Note Use -w (following a -c flag) to specify job cancellation according to given credentials or job attributes. See -c -w for more information.

> mjobctl -c job1045
Cancel job job1045.
   
-c -w — Cancel Where
<ATTR>=<VALUE>

where <ATTR>=[ user | account | qos | class | reqreservation (RsvName) | state (JobState) | jobname (JobName, not job ID)] | partition
---
Cancel a job based on a given credential or job attribute.

Use -w following a -c flag to specify job cancellation according to credentials or job attributes. (See examples.)

Also, you can cancel jobs from given partitions using -w partition=<PAR1>[<PAR2>...]]; however, you must also either use another -w flag to specify a job or use the standard job expression.
> mjobctl -c -w state=USERHOLD
Cancels all jobs that currently have a USERHOLD on them.

> mjobctl -c -w user=user1 -w acct=acct1
Cancels all jobs assigned to user1 or acct1.
   
-C — Checkpoint
JOBID
---
Checkpoint a job
> mjobctl -C job1045
Checkpoint job job1045.
   
-h — Hold
<HOLDTYPE> <JOBEXP>
 
<HOLDTYPE> = { user | batch | system | defer | ALL }
user
Set or release a job hold

See Section 11.1, Job Holds for more information
> mjobctl -h user job1045
Set a user hold on job job1045.

> mjobctl -u all job1045
Unset all holds on job job1045.
   
-m — Modify
<ATTR>{ += | = | -= } <VAL>

  <ATTR>={ account | awduration | class | deadline | depend | eeduration | env | features | feature | flags | gres | group | hold | hostlist | jobdisk | jobmem | jobname | jobswap | loglevel | messages | minstarttime | nodecount | notificationaddress | partition | priority | proccount | queue | qos | reqreservation | rmxstring | reqawduration | sysprio | trig | trigvar | userprio | var | wclimit }
---
Modify a specific job attribute.

For priority, use the '-p' flag.

Modification of the job dependency is also communicated to the resource manager in the case of SLURM and PBS/Torque.
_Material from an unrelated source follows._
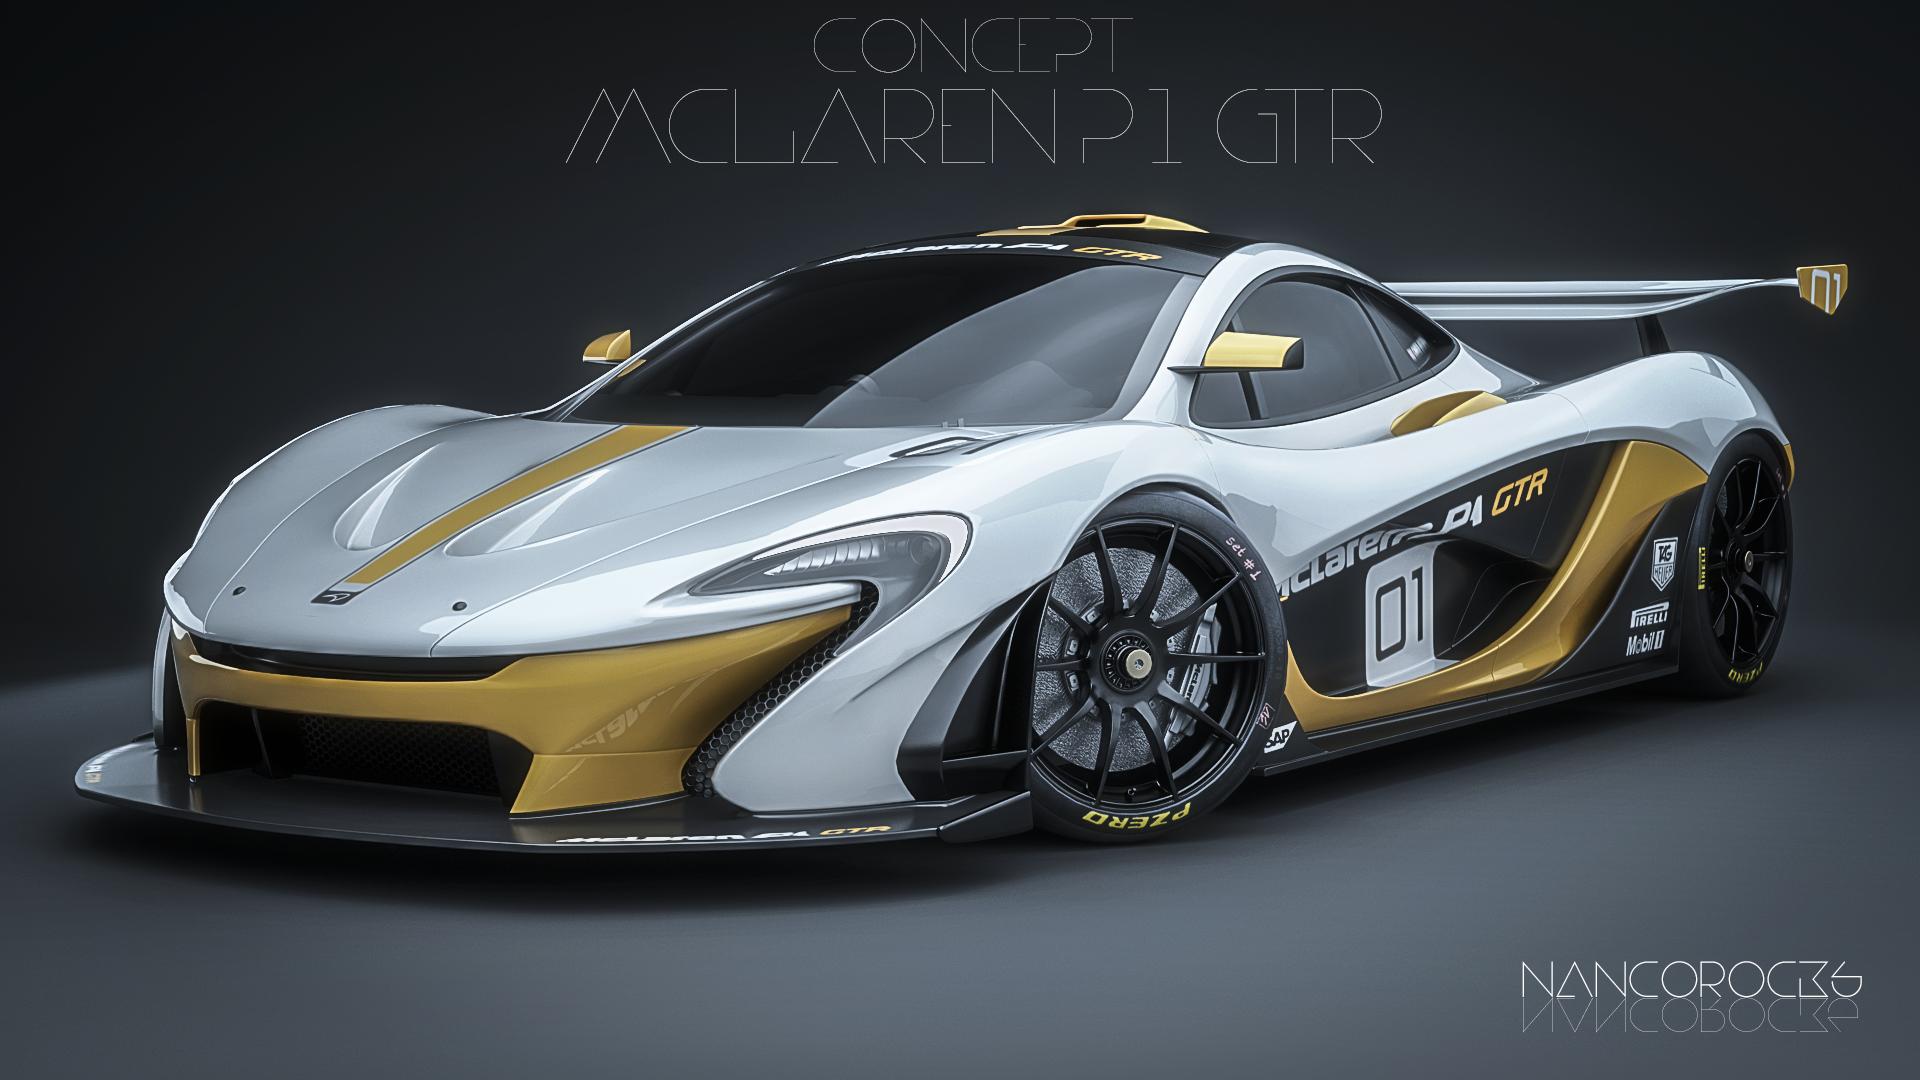 McLaren P1 GTR  Concept  by nancorocks on DeviantArt

To define values for awduration, eeduration, minstarttime, reqawduration, and wclimit, use the time spec format.

A non-active job's partition list can be modified by adding or subtracting partitions. Note, though, that when adding or subtracting multiple partitions, each partition must have its own -m partition{+= | = | -=}name on the command line. (See example for adding multiple partitions.)
> mjobctl -m reqawduration+=600 1664
Add 10 minutes to the job walltime.

> mjobctl -m eeduration=-1 1664
Reset job's effective queue time.

> mjobctl -m var=Flag1=TRUE 1664
Set the job variable Flag1 to TRUE.

> mjobctl -m notificationaddress="name@server.com"
Sets the notification e-mail address associated with a job to name@server.com.

> mjobctl -m partition+=p3 -m partition+=p4 Moab.5
Adds multiple partitions (p3 and p4) to job Moab.5.
   
-N — Notify
[signal=]<SIGID> <JOBID>
---
Send a signal to all jobs matching the job expression.
> mjobctl -N INT 1664
Send an interrupt signal to job 1664.

> mjobctl -N 47 1664
Send signal 47 to job 1664.
   
-n — Name
 
---
Select jobs by job name.
 
   
-p — Priority
 
---
Modify a job's system priority.
> mjobctl -p +1000 job1045
Adds 1000 points to the max system priority, ensuring that this job will be higher priority than all normal jobs. The new priority of job1045 is 1000001000.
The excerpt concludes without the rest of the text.